The next step, called denaturation, heats the sample to nearly its boiling point to "melt" the DNA into single strands. The components of the reaction are heated to 95°C; the double helix structure of the template DNA unravels, and the strands are broken apart as the energy of the strands becomes too great for hydrogen bonds to hold together. It is for this same reason that the primers and deoxyribonucleotides (dNTP's) float free; the hydrogen bonds that would normally bind the primers to the strands cannot hold at such a high temperature. With no primers bonded to allow the Taq Polymerase to replicate, they float free as well.

Next, in the Annealing step, the PCR machine cools to about 50°C. During annealing, the components are cooled to allow primers to bind to the separated template DNA strands. At this point, some of the Taq Polymerase can begin to extend the replicated strands of DNA, adding on the dNTP's to create the new strand.

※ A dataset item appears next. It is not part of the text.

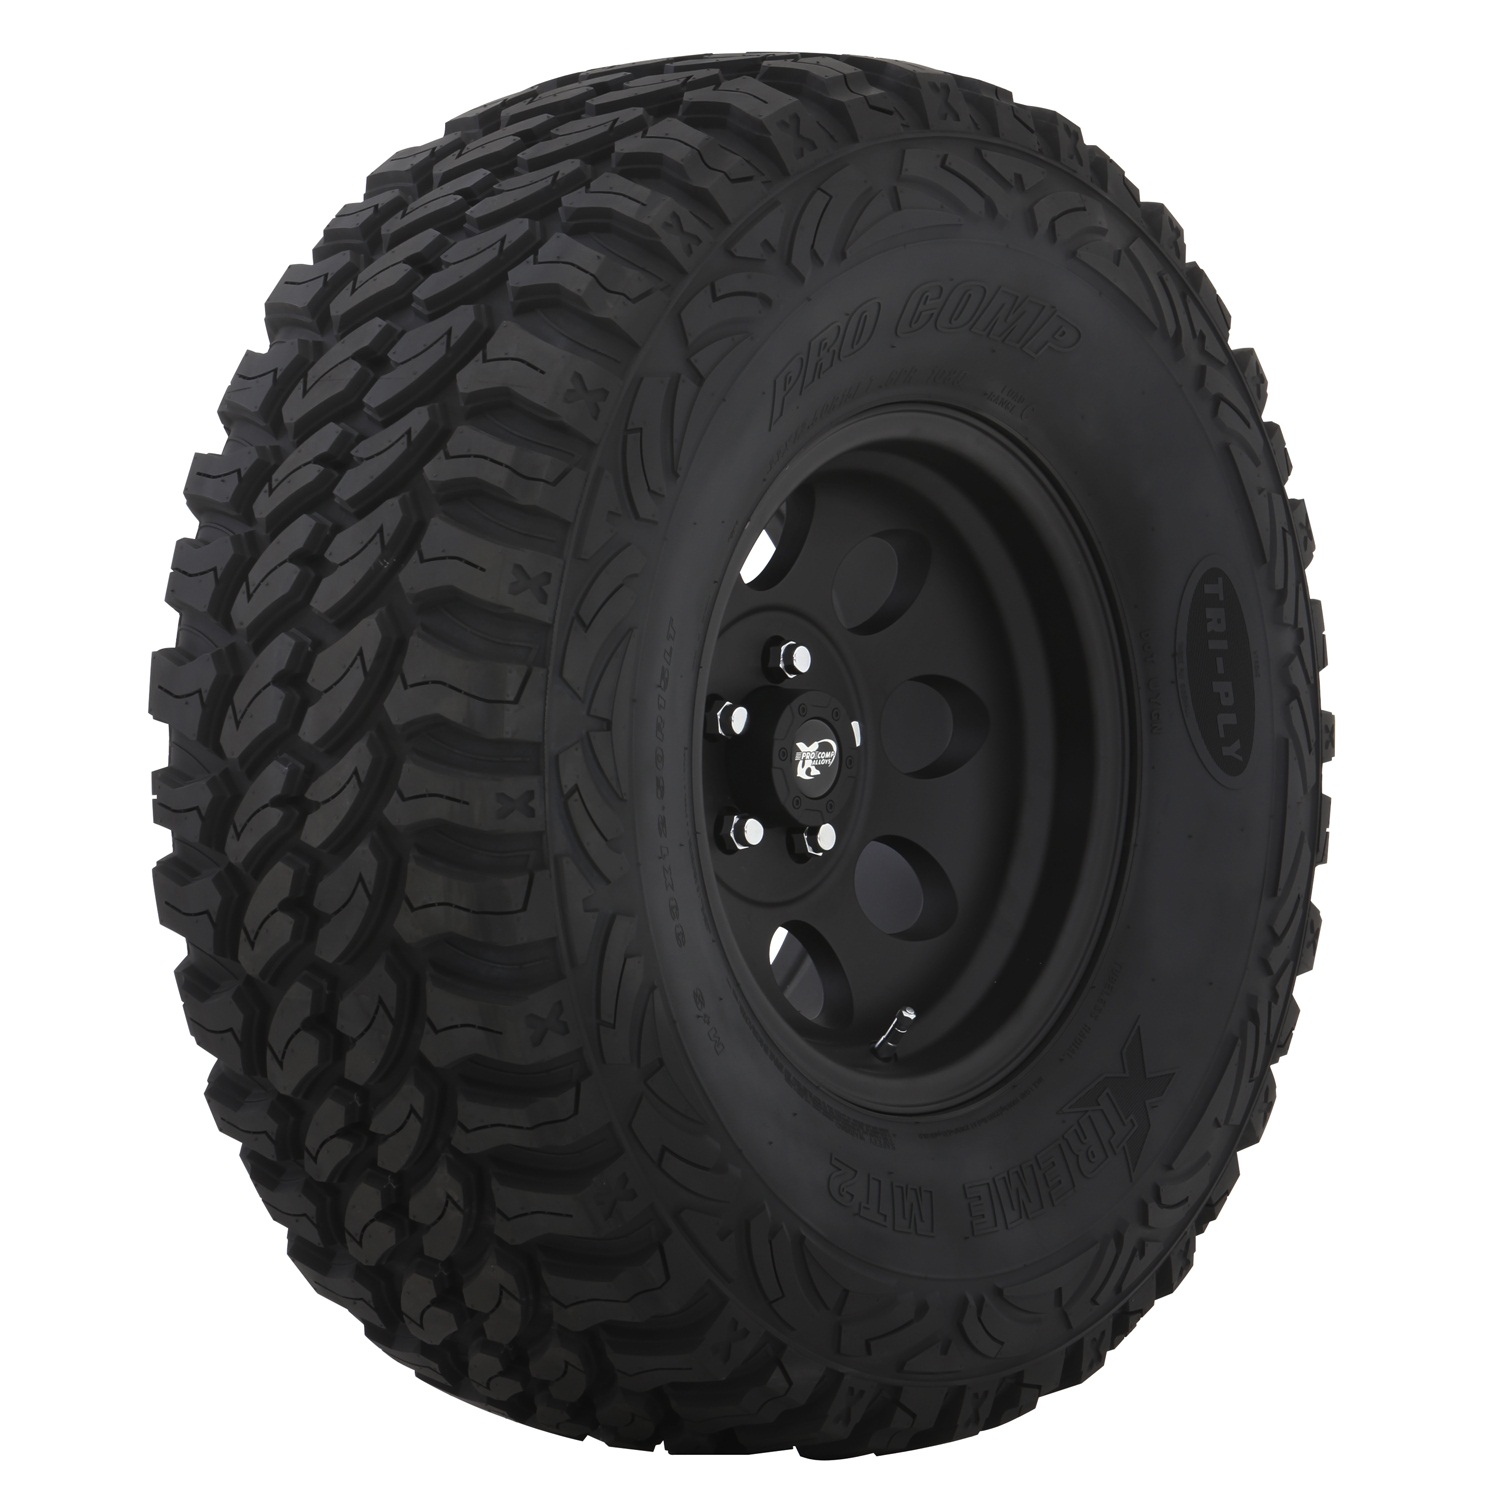 Pro Comp Tires Pro Comp Tires 701295 Pro Comp Xtreme Mud Terrain 2; Tire

The temperature is adjusted during the extension step to the ideal temperature for Taq Polymerase activity. It's at this phase and temperature that the template DNA is replicated most efficiently. Once again, the dNTP's are used by the Taq Polymerase to create the complementary strand to the template DNA. An entire strand of DNA is synthesized from each half of the template strand.

The final hold occurs at 4°C. This allows the double helix to re-form and preserves the DNA for an indefinite amount of time.

DNA binds in the following manner: Thymine-Adenine, Cytosine-Guanine (TACG)

Base pairing occurs in the annealing step and the extension step. In the annealing step, the primer binds to the template using base pairing. In extension, polymerase pairs nucleotides with their correspondent in the single strand.